Even Coco has begun to change, when she learns that Tartah is secretly studying her apothecary her knee-jerk reaction is to freeze up; logically she knows that there’s a big difference between using herbs (the same ones that witches use for other things) and drawing spells directly onto the human body, but the taboo of practicing both medicine and magic has already deeply taken root in her. She’s forced to confront this and other feelings when dealing with Custas, one of the people she saved from the river crossing earlier in the series, and he casually says things like “You two [Coco and Tartah] didn’t choose to be born the way you are any more than I did. You came into this world as witches. It’s not like you chose your fate.” Coco is of course, possibly the only witch ever who’s been born to a regular family and let in on the secret of magic, and Tartah has struggled with vision issues that have left him isolated from most other witches, he still hasn’t even been taken on as an apprentice. If anything, these two are the closest people to standing on the line between witches and non-witches; Both earnestly wanting to do great things with their magic but their only “choice” in the matter was that or complete banishment from the community.

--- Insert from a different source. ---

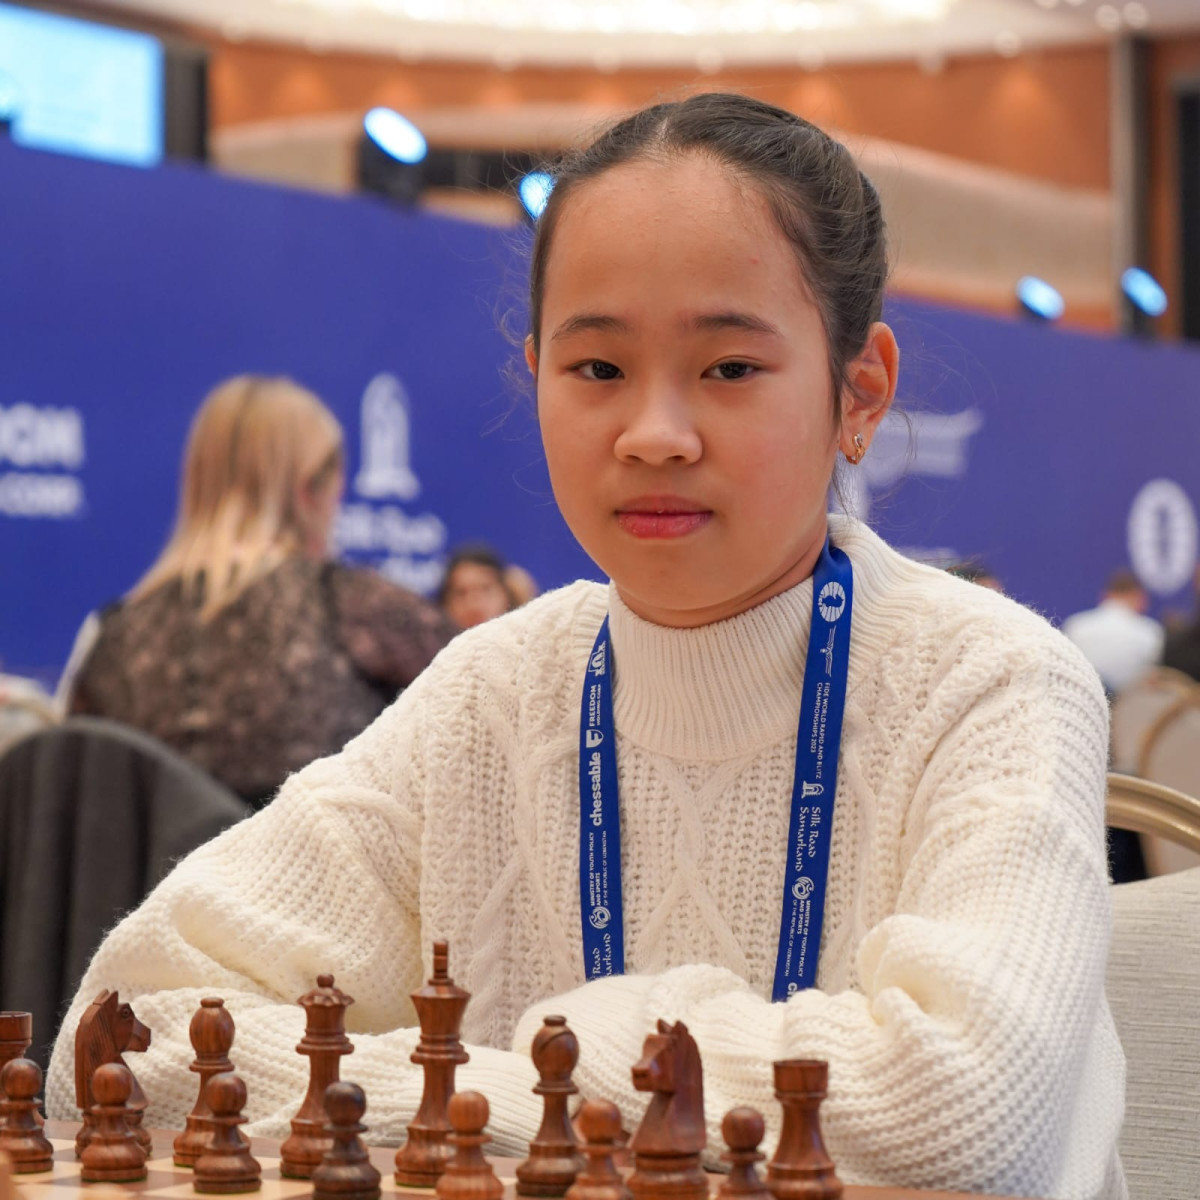 Шахматта эмоцияға берілуге болмайды – өзінен үлкендерді жеңген 12 жастағы Айару

Witch Hat Atelier Coco, Tartah, and Custas

Because of her background, Coco has always had a different view on witches and magic than those around her and I can’t help but wonder if she was specifically targeted by the brimmed hat witches (if they saw something in her at an early age) as one of their avenues to remake the world or if many magic books and pens were given out by the brimmed hats and Coco was the only child to discover their secret. Her faith in the fundamentals of magic has been shaken a bit more now, it’s not as if she hadn’t already seen in multiple instances how the hidebound nature of some witches threatens to kill anyone who doesn’t follow the same ideas exactly, and It’s difficult to guess what path Coco will eventually take: one as an apostle of magic or that of an apostate brimmed hat.